* _WORK ITEM_:
This exercise calls for the whole listing to be given again exactly, without images.

* _INFORMATION SUPPLIED_:
= = = = = = =

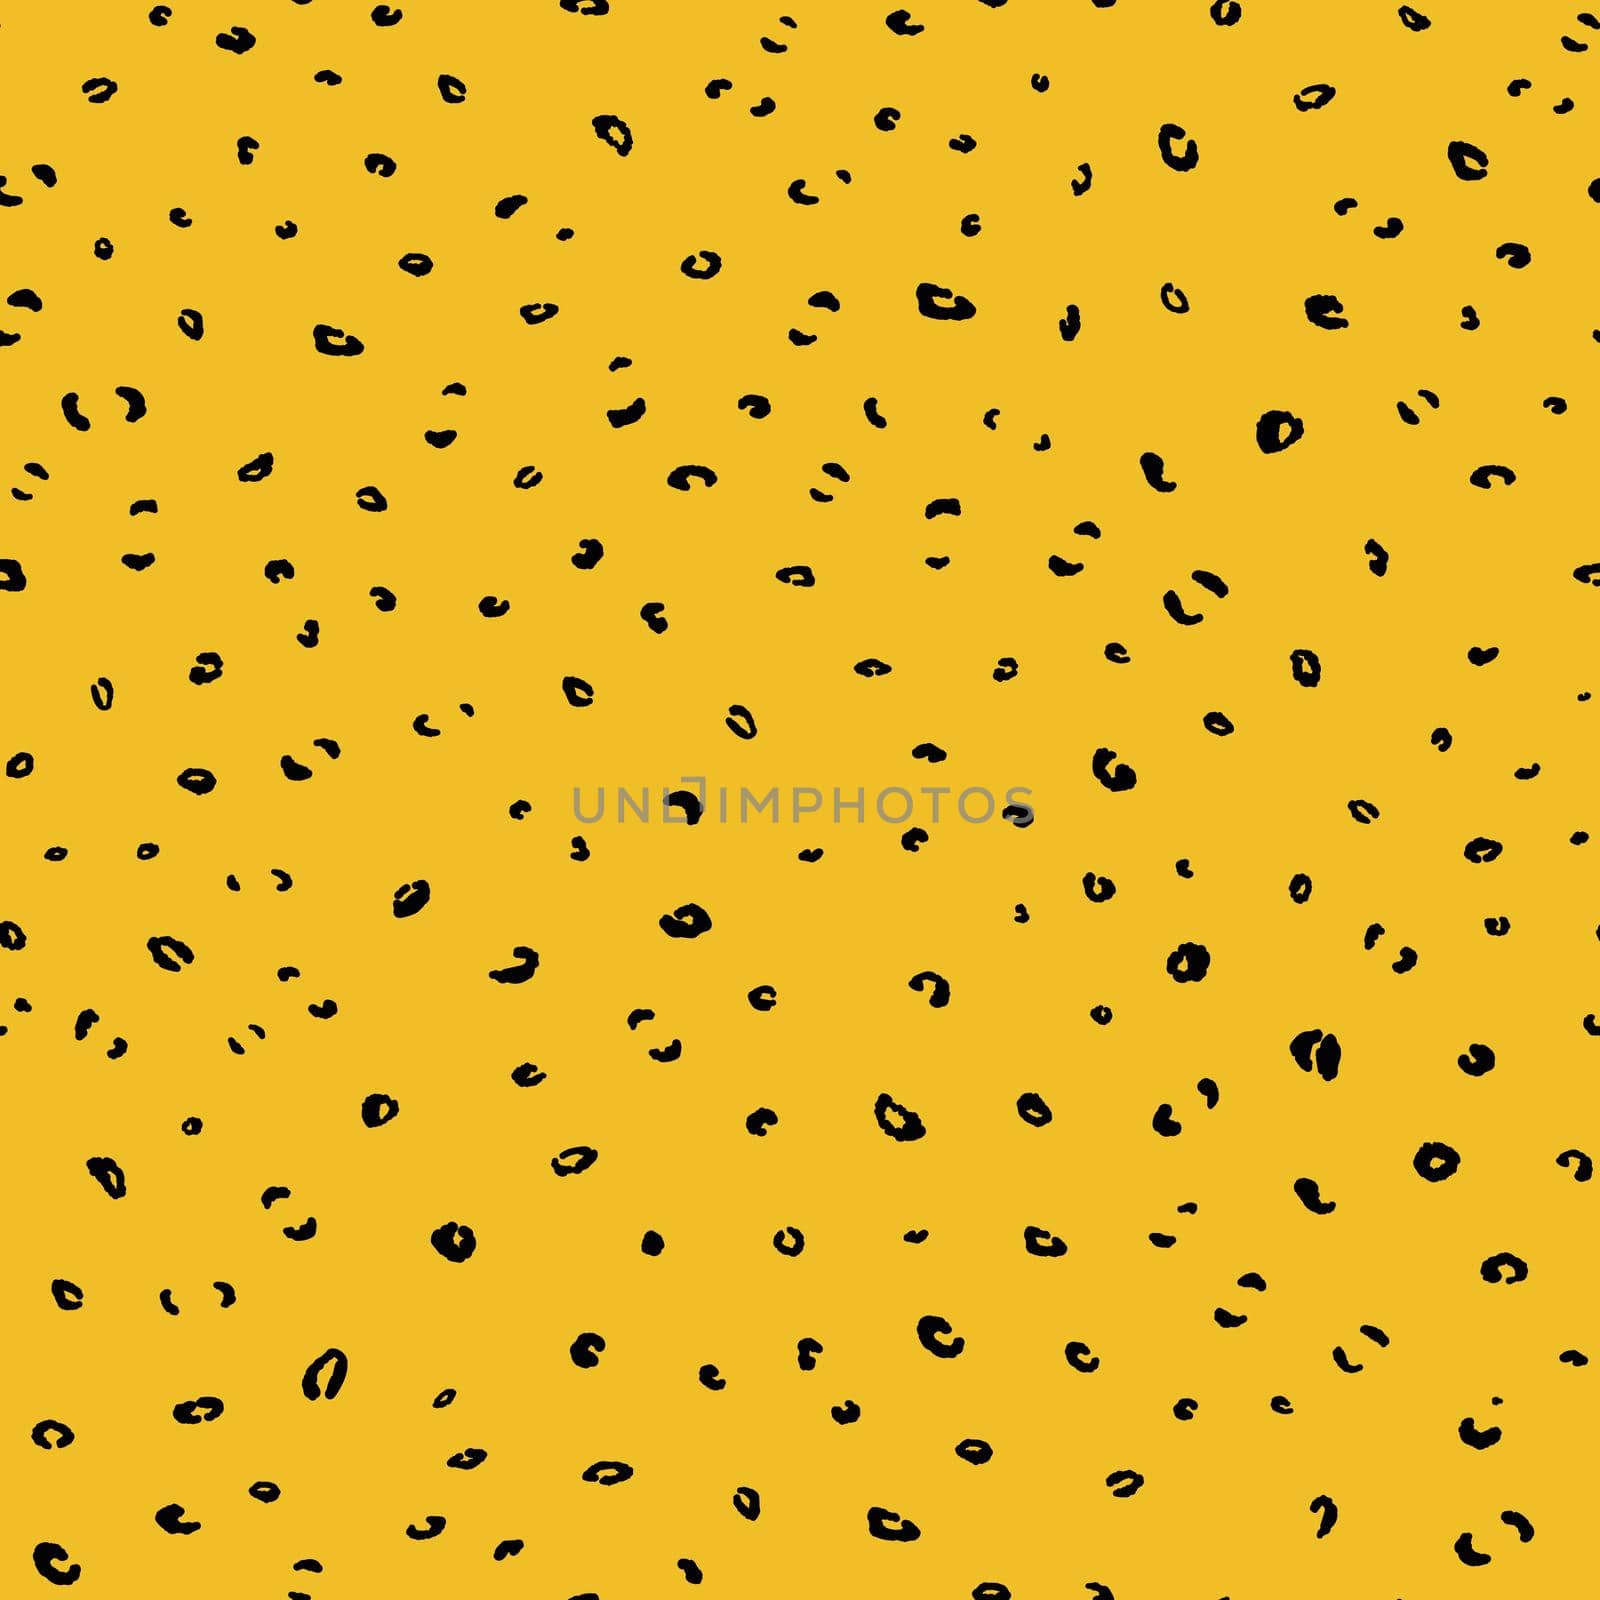 Abstract modern leopard seamless pattern. Animals trendy background. Yellow and black decorative vector stock illustration for print, card, postcard, fabric, textile. Modern ornament of stylized skin.
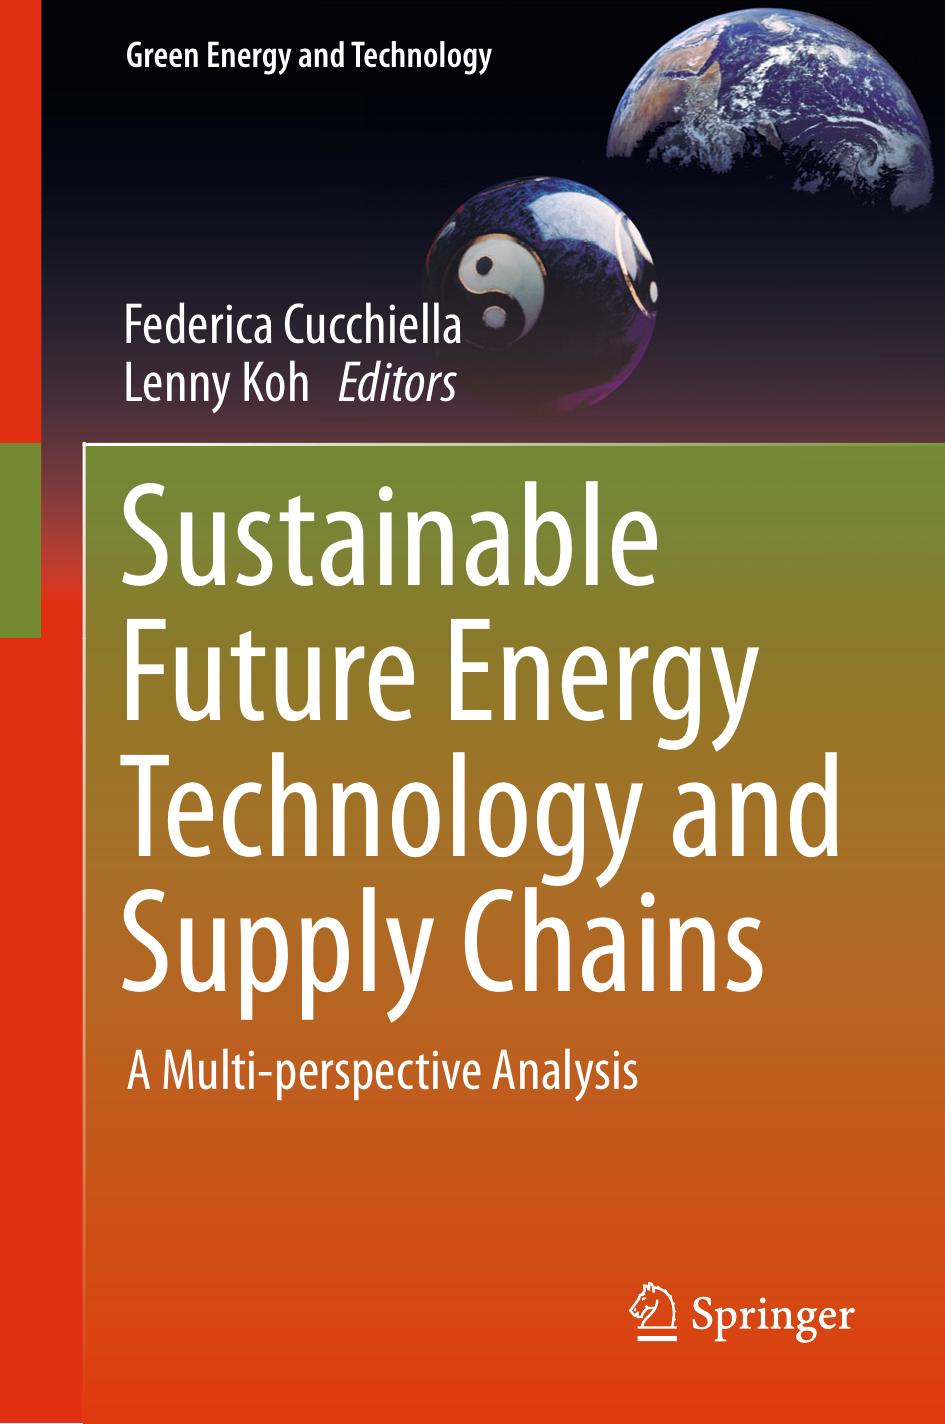 Sustainable Future Energy Technology and Supply Chains by A Multi-perspective Analysis (2015)
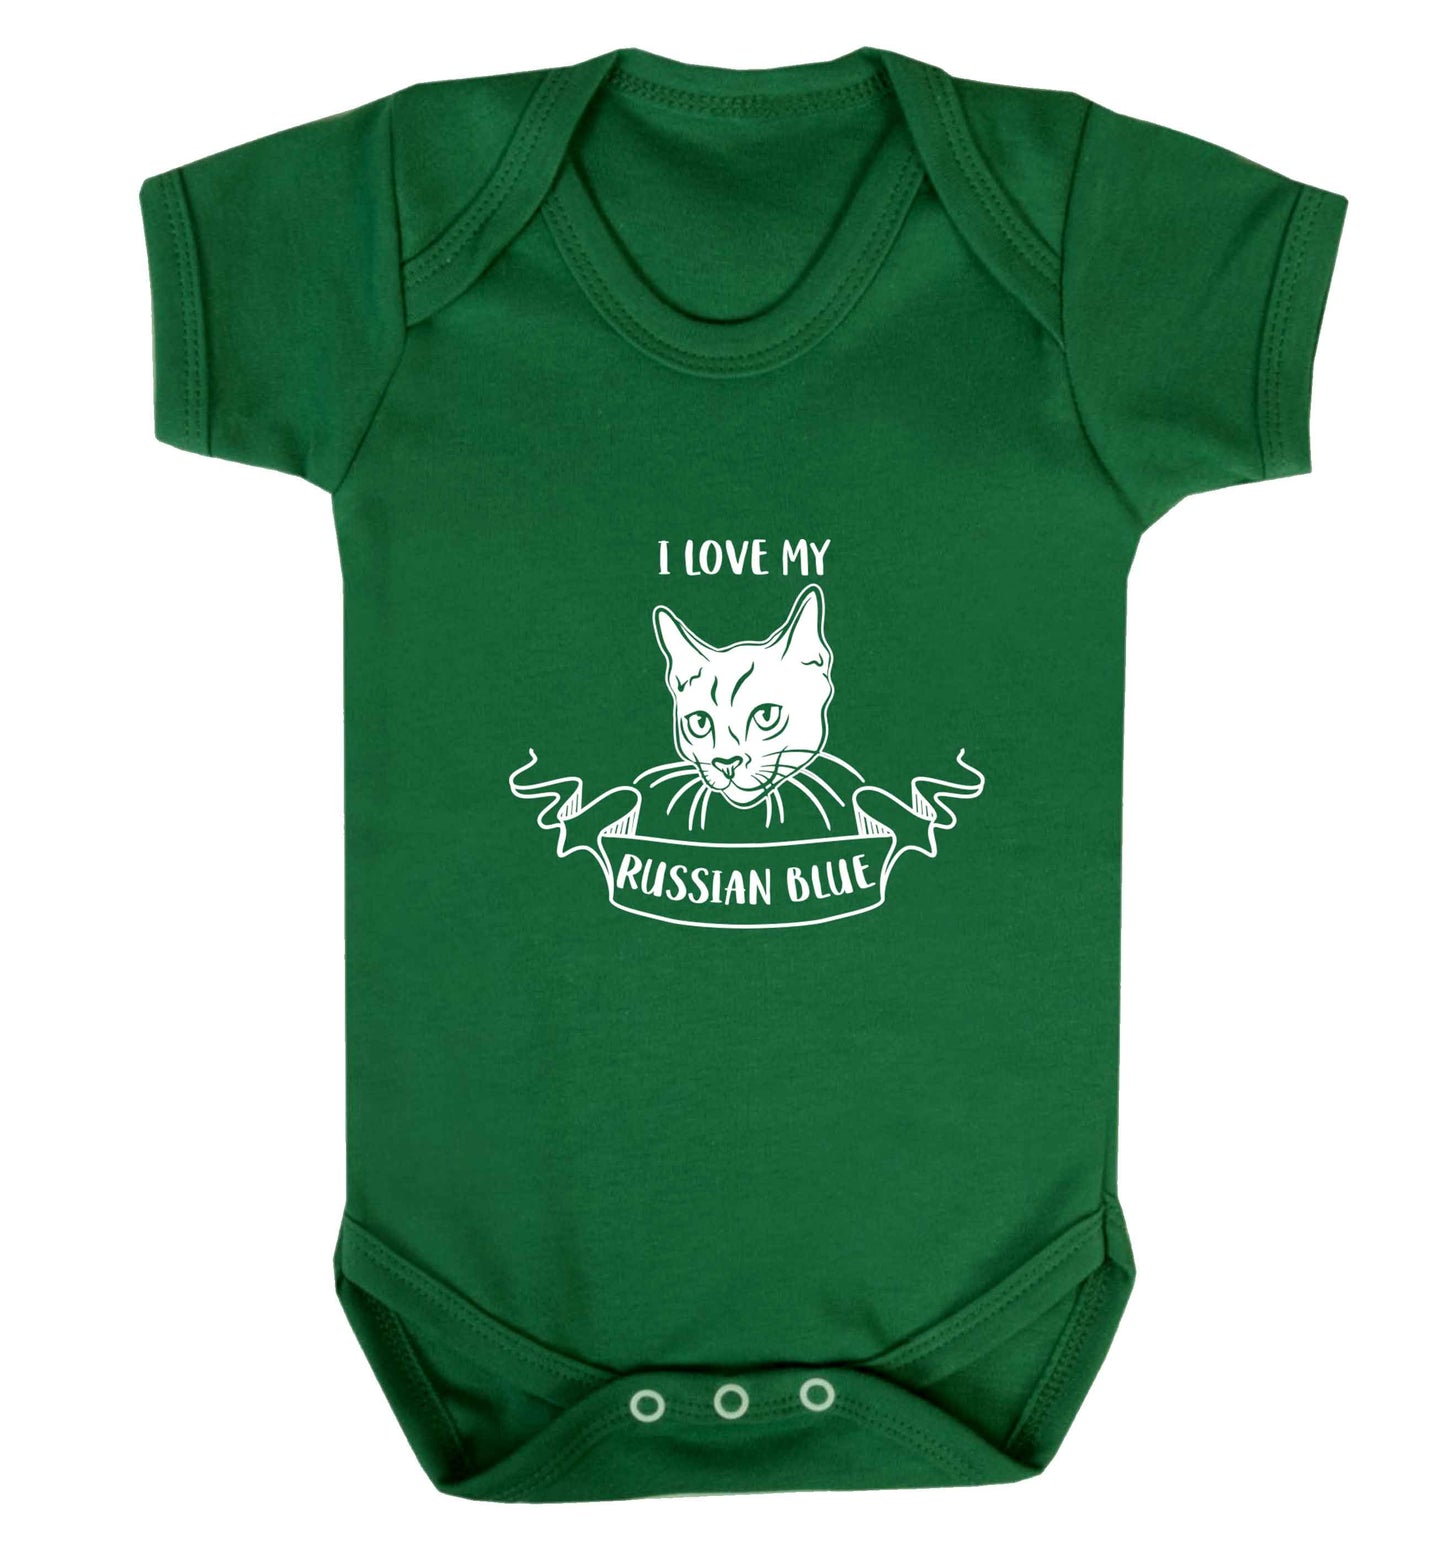 I love my russian blue baby vest green 18-24 months
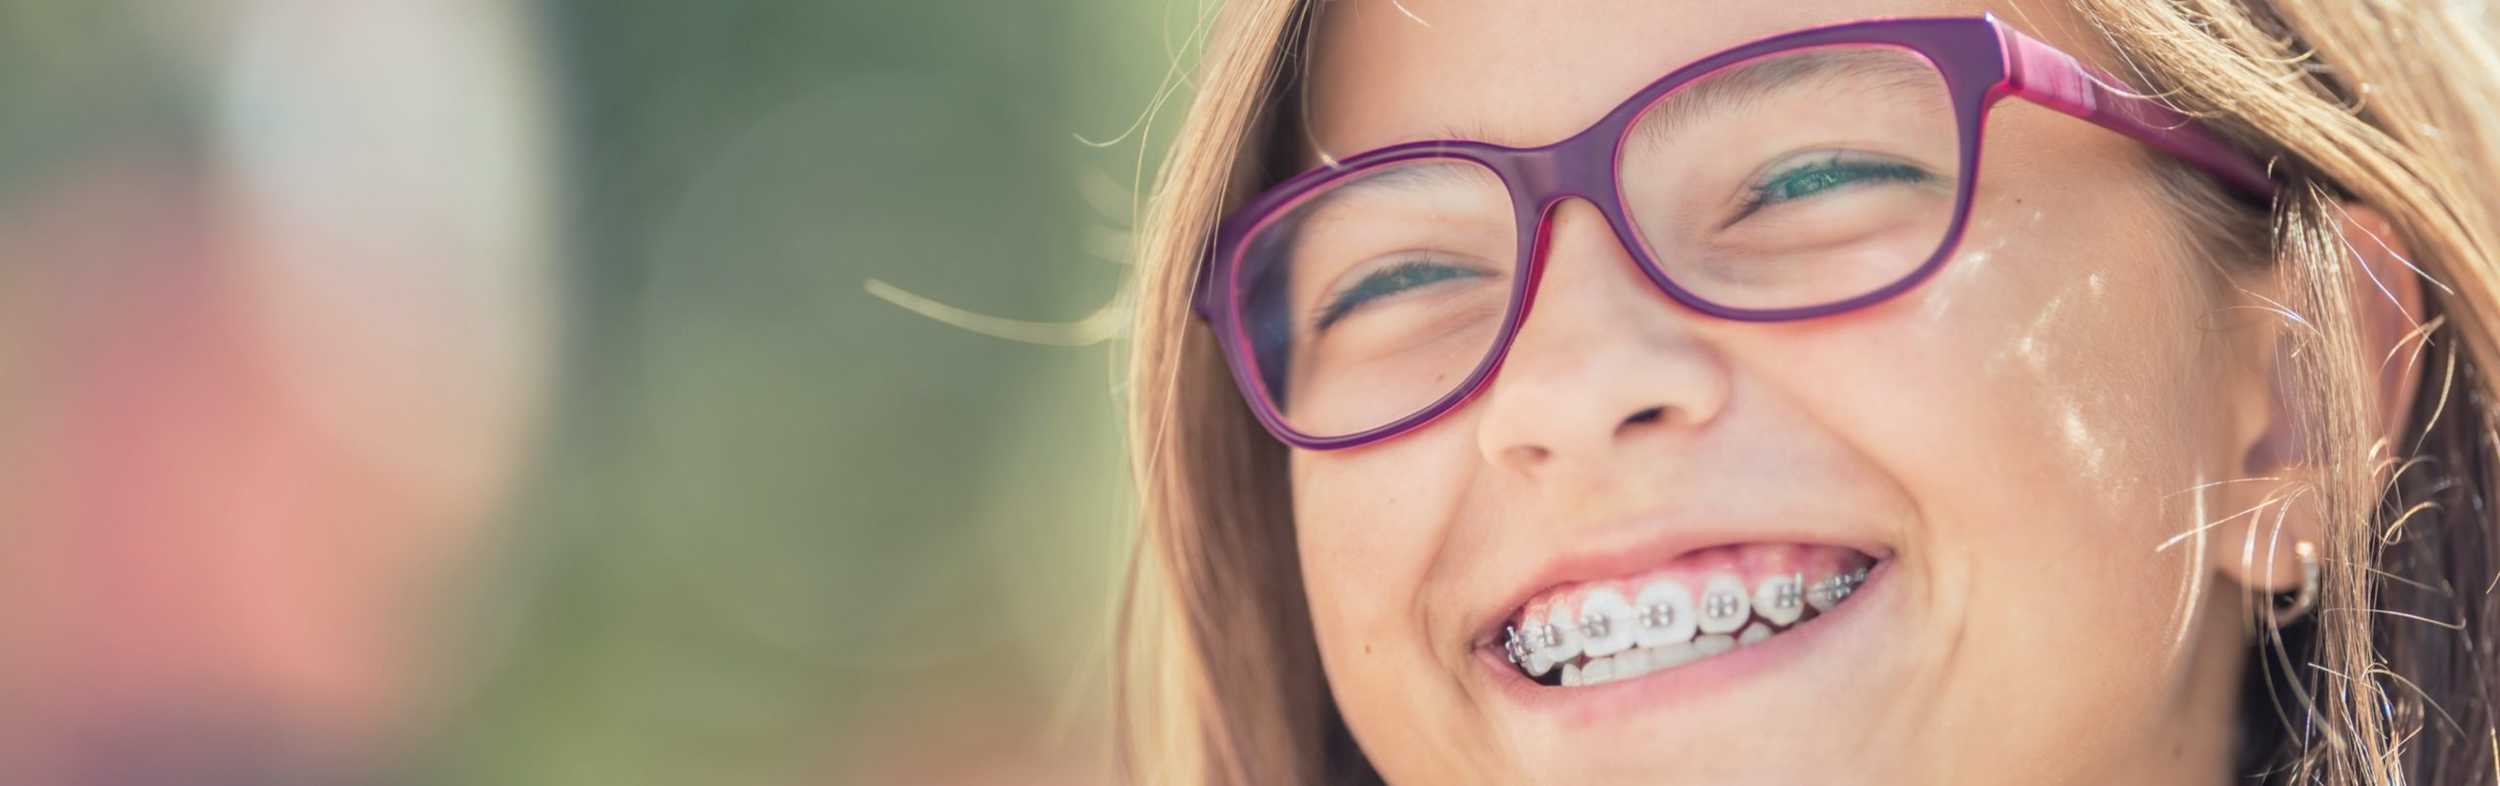 A girl with glasses smiling

= = = = = = =

* _SOLUTION_:
 Abstract modern leopard seamless pattern. Animals trendy background. Yellow and black decorative vector stock illustration for print, card, postcard, fabric, textile. Modern ornament of stylized skin.
 Sustainable Future Energy Technology and Supply Chains by A Multi-perspective Analysis (2015)
 I love my russian blue baby vest green 18-24 months
 A girl with glasses smiling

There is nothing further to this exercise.